Branch Nebula’s Sweat is concerned with turning our attention to the invisible members of society—the ones who pull back our chairs, sweep up our dead skin, wipe away our skidmarks and collect our cafeteria trays. Coincidentally, Chunky Move’s Connected touches on similar ground with its dip into the world of security guards, but Sweat tackles the brief far more directly and provocatively.

Nevertheless, it starts by turning our attention to our own behaviour. On entering the well-lit vastness of the North Melbourne Town Hall, there is nothing to look at but ourselves as we mingle and coalesce in atolls of strangers and acquaintances. It is the foyer writ large, a continuation of the antespace and, yet, Sweat has actually begun. From the gathering comes the sound of a welcome. A young woman, dressed in black with a tray and an apron, steps forward to suggest that we really could have made a better entrée—too noisy, too slow and now we are running late. But punctuality is less important than quality so we are asked to leave and re-enter properly. It is a disempowering experience, like any scolding, which is followed on our second entrance by a pronouncement of the social contract we are entering into. We are expected to stand and move as instructed, to do so autonomously when required, to empathise with the performers, to view them objectively on occasion, to clap them at the end until we are told we can stop clapping and to be upbeat about the show afterwards, indeed, to focus on three central messages:

  1. that we saw ordinary people doing extraordinary things
  2. that the piece challenged accepted forms but always remained accessible
  3. that it is a work of great importance to the future of Australia

The sheer tongue-in-cheek gall and cliché of these pronouncements produces knowing titters in the audience and they are delivered with the host-like air of a waiter explaining the evening’s specials, but the tone shifts markedly as our host walks from one audience member to another and asks them first to dress her in the accessories of a cleaner and then to remove her other clothes. At last, semi-naked in rubber gloves and hairnet, she kindly asks a man to force her to the ground. He complies. The shoe of disempowerment is now firmly on the other foot and we have all been implicated.

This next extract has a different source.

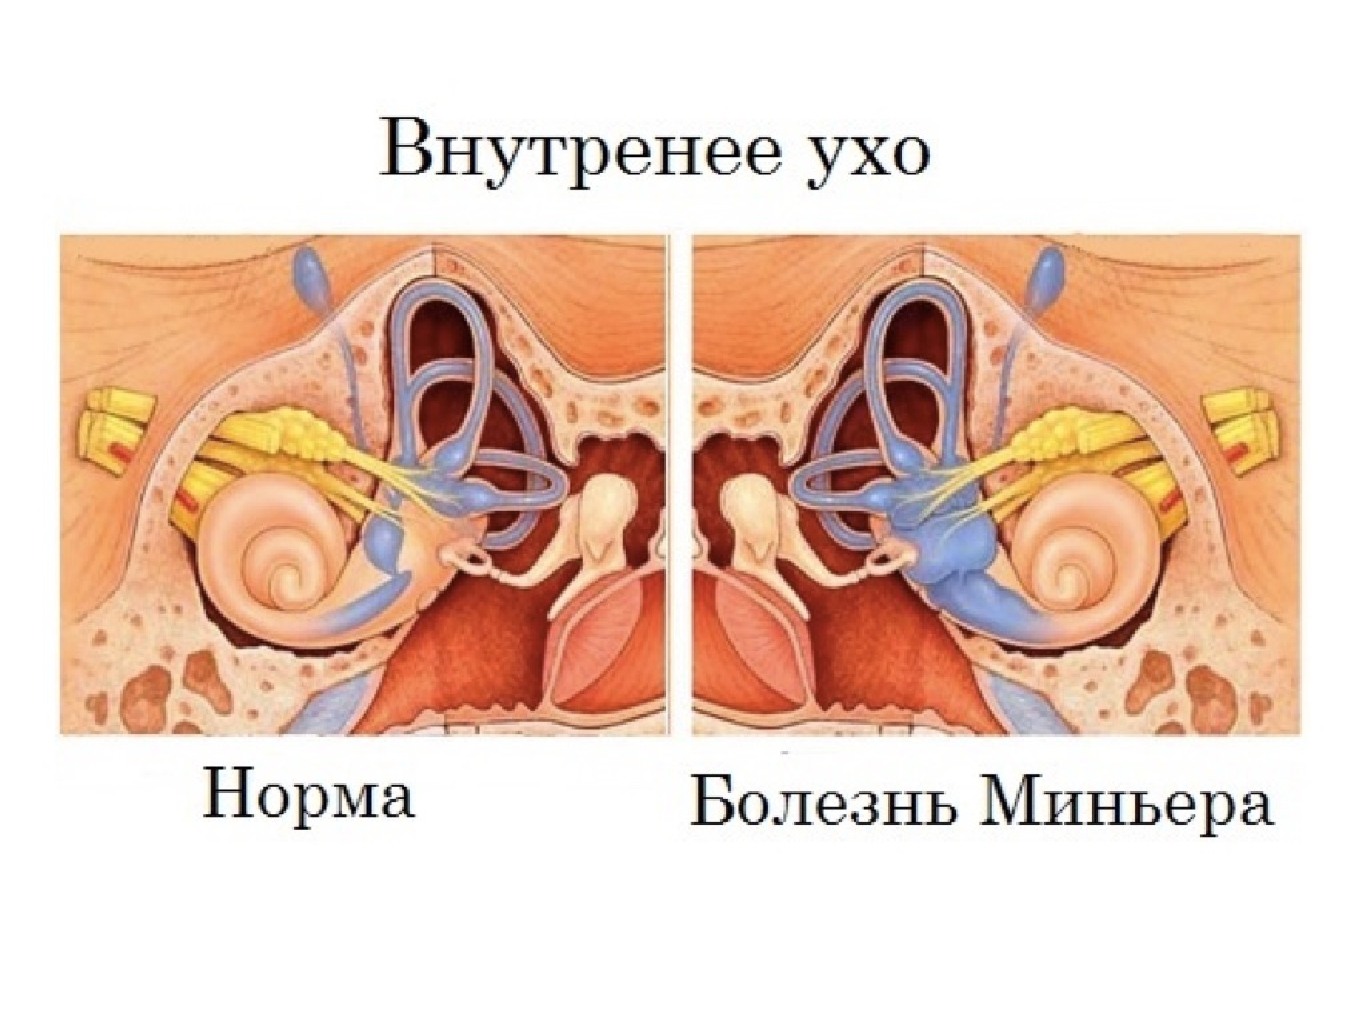 Нарушение внутреннего уха. Болезнь Меньера гидропс. Заболевания внутреннего уха. Внутреннее ухо заболевания. Заболевания органов слуха болезнь Меньера.

This simple point of departure is reminiscent of the recent work of performance artists like Georgie Read, who play a consciously mercurial game of push-pull with the audience’s affection. Throughout Sweat, the performers invite our attention and the visibility it affords with flirtatious glances, sweetness and displays of skill. But they can just as quickly disappear into the resentful distance, punish us or deride our presence. This dynamic with the audience enacts the same power hierarchies that are being represented in front of us, where the performers are ordered to clean the floor with their hair, threatened with violence and abused in Spanish in the course of a few minutes.

The piece is constantly shifting in its use of space, using an ingenious collection of mobile light sources to carve out discrete landscapes. And the audience, as instructed, moves about to stay in contact with what is happening, but the reason for the movement itself is not always clear. As an aesthetic policy it is interesting—forcing us to engage with different angles, different architectures, rejigging our perspective. On the other hand, the meaning-making of it is sometimes less evident or necessary. When we are asked to choose a corner to stand in and, thereby, choose a performer to favour, the act of choosing is a potentially loaded act. What are our criteria? Why do we choose a man and not a woman? Why do we look around to see what we are missing? Yet, the subsequent scene feels redundant in its reformulation of previous content and the movement of the performers from corner to corner negates the weight of our choice and elides the kind of interrogation it could provoke.

However, this is a quibble with one short moment in the middle of Sweat and, towards the end, in its final set piece it regains most of the traction it had to begin with. A group of audience members are invited to sit a table, where the performers, dressed as sweatshop workers, politely serve them wine, spaghetti, tomato soup, peas, pineapple, frankfurters—the kicker being that these items are ladled very carefully into completely inappropriate places. The end result is part Grand Bouffe, part Abstract Expressionism. The smiling ceremonial quality of the rebellion is so disarming and so cleverly worked in with our own understandings of theatre etiquette that the audience victims are left laughing rather than humiliated. The humour relies also on our empathy with the performers who, in becoming so clearly and endearingly visible, make mockery of the established codes of service and their concordant entitlements and disenfranchisements. The performers leave the space with gusto, with an animalistic exuberance. At last, they have been seen.